Housing demand in Turkey continues to rise while supply continues to lag, causing real estate prices to rise and purchasers to be squeezed out.
Individual buyers and investors are driving strong demand, hoping to profit from the hot property market as well as the increasing population. But because there aren’t enough houses, prices have gone up, and locals can’t find houses to rent or buy that aren’t too expensive.
Add to that the fact that construction permits are still low, even though there has been a small uptick after a drop in 2019. This is because builders are dealing with limited supplies and rising costs of materials.
Despite high borrowing rates and rising prices, residential property sales have been increasing.
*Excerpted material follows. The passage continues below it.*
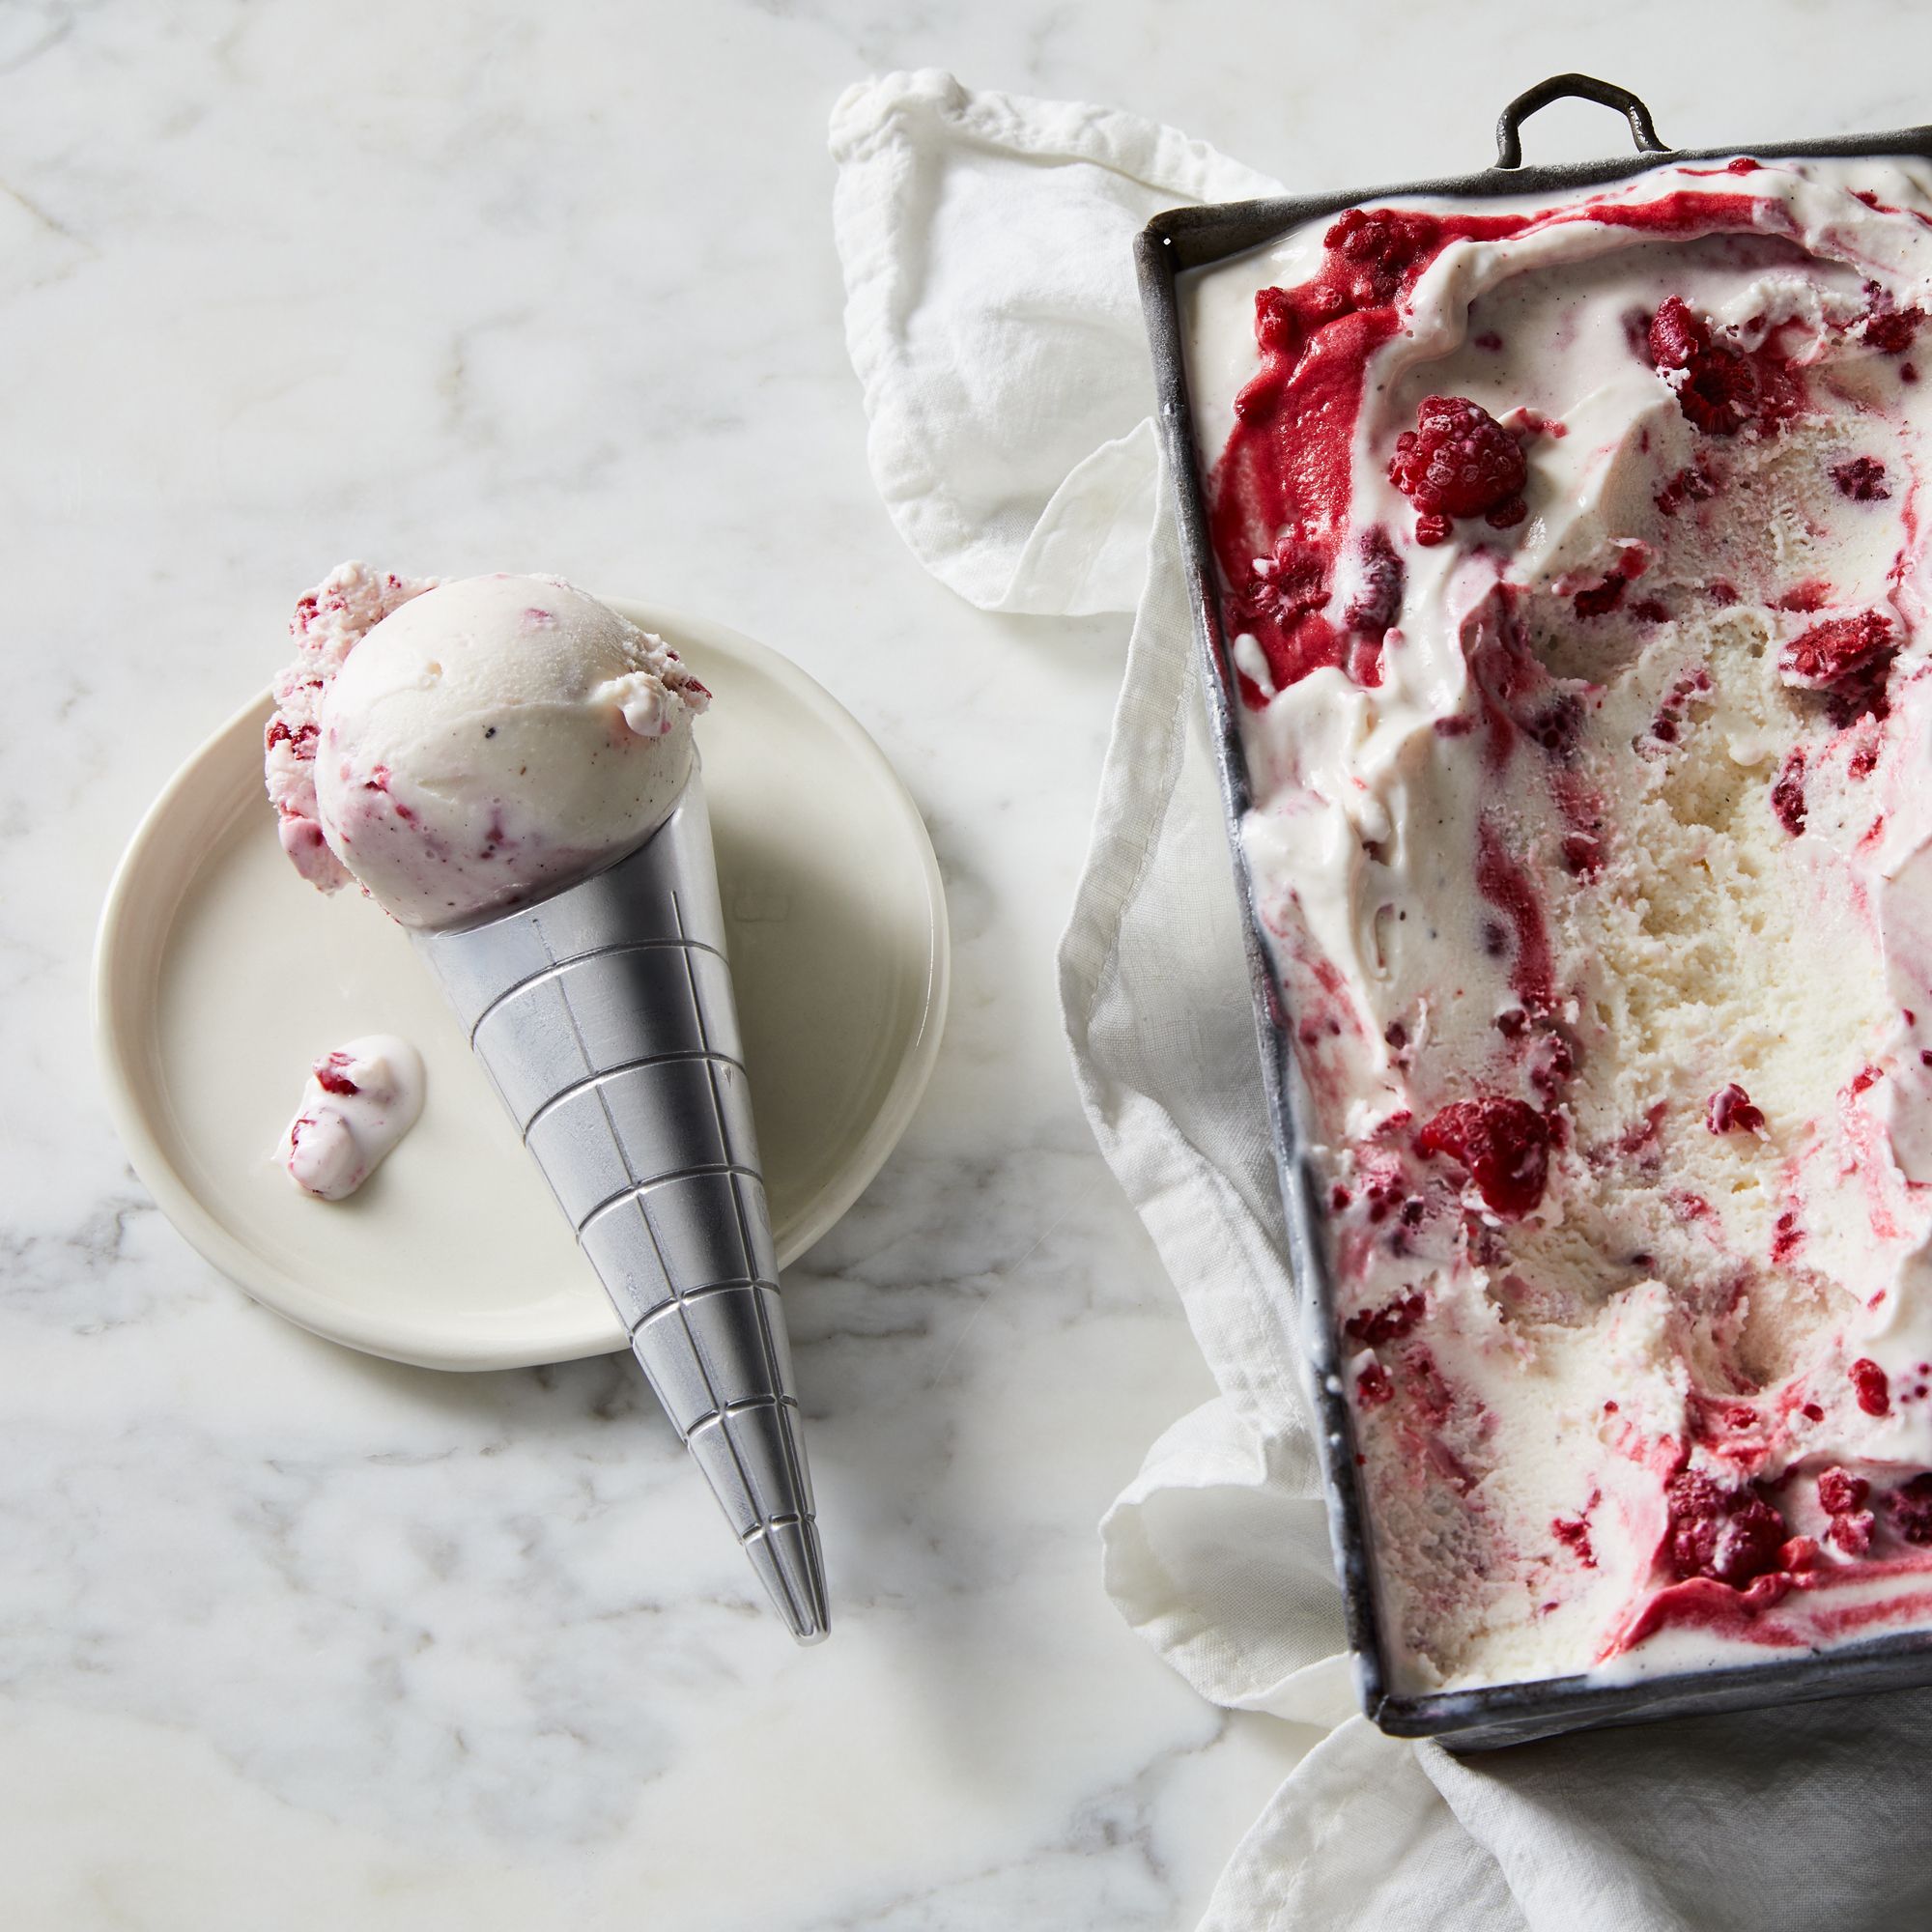 10 Ice Cream Makers and Accessories That Will Take Dessert to the

The demand for housing in Turkey is believed to have reached 800,000 units per year, compared to a supply of roughly 550,000 units.
According to industry participants, the primary causes of decreasing real estate output are rising expenses, land prices, and economic volatility.
Even though the need for new building licenses is growing as we get closer to 2019, Nazmi Durbakaym, the head of the Istanbul Constructors Association (INDER), said that there has been a big drop in the past three years.
“The applications for building permits, which dipped to 319,000 in 2019, increased to 550,000 in 2020 and to 710,000 in 2021. The number of apartments that were granted permits has reached 1.58 million over the last three years, while the required number of production units totaled 2.4 million,” Durbakayım stated.
“The supply has lagged far behind the demand.”
So far this year, rising house prices and rental rates have sounded the alarm. In addition to the steps announced earlier this month to stop real estate prices from going up, the government has said it will take action.
Official figures reveal that Turkey’s residential property price index (RPPI), which measures quality-adjusted price fluctuations in dwellings, increased by 110 percent in nominal terms in March.
On an annual basis, the indicator increased by 96.4 percent in February.In January, the rise was 77.5 percent, and in December, it was 59.7 percent. A year ago, the indicator increased by 32% year on year.
The increase comes at a time when inflation is on the rise. In April, energy and commodity prices helped push inflation to a 20-year high of about 70%.
The Turkish Statistical Institute reported that the construction index increased by 102 percent year on year in March (TurkStat).
Even though interest rates on loans are high and prices are going up, the number of houses sold in Turkey in April was nearly 40% higher than the same month last year. This is because people continue to see real estate as a good way to invest to protect themselves from inflation.
Sales increased by 26.2 percent from January to April, totaling 453,121 homes.
Cheaper house loans will be granted to people who convert their foreign cash holdings to Turkish lira or sell their gold to the central bank under a program unveiled by President Recep Tayyip Erdoan earlier this month.
To bolster the Turkish lira, Ankara has urged people and businesses to transfer their foreign exchange savings to lira, and in December it announced a plan to promote lira deposits by safeguarding them from exchange rate volatility.
The new policy on house loans, according to Erdoan, will boost this endeavor by reversing a years-long dollarization trend.
Construction companies will be given loans to finish some projects if they commit to keeping sale prices the same for a year.
Erdoan says that the credit package for building companies is meant to increase the number of homes on the market and bring prices back into balance.
According to Durbakaym, the alternative support package has lowered the interest burden of individuals in need of housing, which he believes will make it easier to obtain accommodation.
Ege Yap Chairperson Inanç Kabaday emphasized the supply-demand mismatch that arose as a result of the coronavirus outbreak.
According to Kabaday, the new packages will provide a considerable incentive for real estate development.
“With such steps taken to stabilize this imbalance as soon as possible, the supply will increase rapidly. In addition, encouraging new projects to be started with cost-effective loans will also increase the production of new housing,” he noted.